- WHAT TO WORK ON
Could you return the lines below exactly, from the first line up to and including the line that holds "031cfa821de7a Chuteira Nike"?

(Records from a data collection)
★ ★ ★ ★ ★

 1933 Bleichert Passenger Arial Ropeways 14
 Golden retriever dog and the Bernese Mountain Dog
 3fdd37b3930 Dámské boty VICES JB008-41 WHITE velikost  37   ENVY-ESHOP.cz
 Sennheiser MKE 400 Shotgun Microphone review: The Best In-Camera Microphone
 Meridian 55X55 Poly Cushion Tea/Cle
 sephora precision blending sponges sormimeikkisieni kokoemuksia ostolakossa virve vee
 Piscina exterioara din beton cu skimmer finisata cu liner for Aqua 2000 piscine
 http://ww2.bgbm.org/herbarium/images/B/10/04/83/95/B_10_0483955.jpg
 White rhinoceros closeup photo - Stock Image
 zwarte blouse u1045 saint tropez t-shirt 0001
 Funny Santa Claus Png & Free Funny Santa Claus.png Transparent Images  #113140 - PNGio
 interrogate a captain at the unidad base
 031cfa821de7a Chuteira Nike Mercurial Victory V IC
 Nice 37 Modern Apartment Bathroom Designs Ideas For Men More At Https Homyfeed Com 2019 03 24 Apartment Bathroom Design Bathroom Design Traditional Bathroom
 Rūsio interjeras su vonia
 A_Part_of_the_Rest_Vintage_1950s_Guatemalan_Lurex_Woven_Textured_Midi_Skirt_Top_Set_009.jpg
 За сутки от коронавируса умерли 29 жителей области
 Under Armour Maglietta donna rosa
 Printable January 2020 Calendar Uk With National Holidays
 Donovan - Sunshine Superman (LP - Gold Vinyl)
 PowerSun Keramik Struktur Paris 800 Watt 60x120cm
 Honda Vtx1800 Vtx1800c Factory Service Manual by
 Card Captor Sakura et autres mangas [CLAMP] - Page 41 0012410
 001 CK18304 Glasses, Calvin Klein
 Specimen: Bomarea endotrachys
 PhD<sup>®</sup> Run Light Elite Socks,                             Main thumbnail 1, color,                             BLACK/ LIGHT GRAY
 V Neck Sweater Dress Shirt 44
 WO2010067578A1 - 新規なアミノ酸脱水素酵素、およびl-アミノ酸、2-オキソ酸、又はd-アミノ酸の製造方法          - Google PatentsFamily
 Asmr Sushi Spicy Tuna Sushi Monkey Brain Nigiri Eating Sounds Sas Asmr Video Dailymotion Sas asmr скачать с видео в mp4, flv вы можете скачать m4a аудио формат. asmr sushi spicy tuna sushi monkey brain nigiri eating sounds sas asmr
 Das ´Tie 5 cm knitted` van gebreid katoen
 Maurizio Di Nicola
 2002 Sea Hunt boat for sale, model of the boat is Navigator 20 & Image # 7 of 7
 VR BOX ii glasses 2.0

★ ★ ★ ★ ★

- REPLY
 1933 Bleichert Passenger Arial Ropeways 14
 Golden retriever dog and the Bernese Mountain Dog
 3fdd37b3930 Dámské boty VICES JB008-41 WHITE velikost  37   ENVY-ESHOP.cz
 Sennheiser MKE 400 Shotgun Microphone review: The Best In-Camera Microphone
 Meridian 55X55 Poly Cushion Tea/Cle
 sephora precision blending sponges sormimeikkisieni kokoemuksia ostolakossa virve vee
 Piscina exterioara din beton cu skimmer finisata cu liner for Aqua 2000 piscine
 http://ww2.bgbm.org/herbarium/images/B/10/04/83/95/B_10_0483955.jpg
 White rhinoceros closeup photo - Stock Image
 zwarte blouse u1045 saint tropez t-shirt 0001
 Funny Santa Claus Png & Free Funny Santa Claus.png Transparent Images  #113140 - PNGio
 interrogate a captain at the unidad base
 031cfa821de7a Chuteira Nike Mercurial Victory V IC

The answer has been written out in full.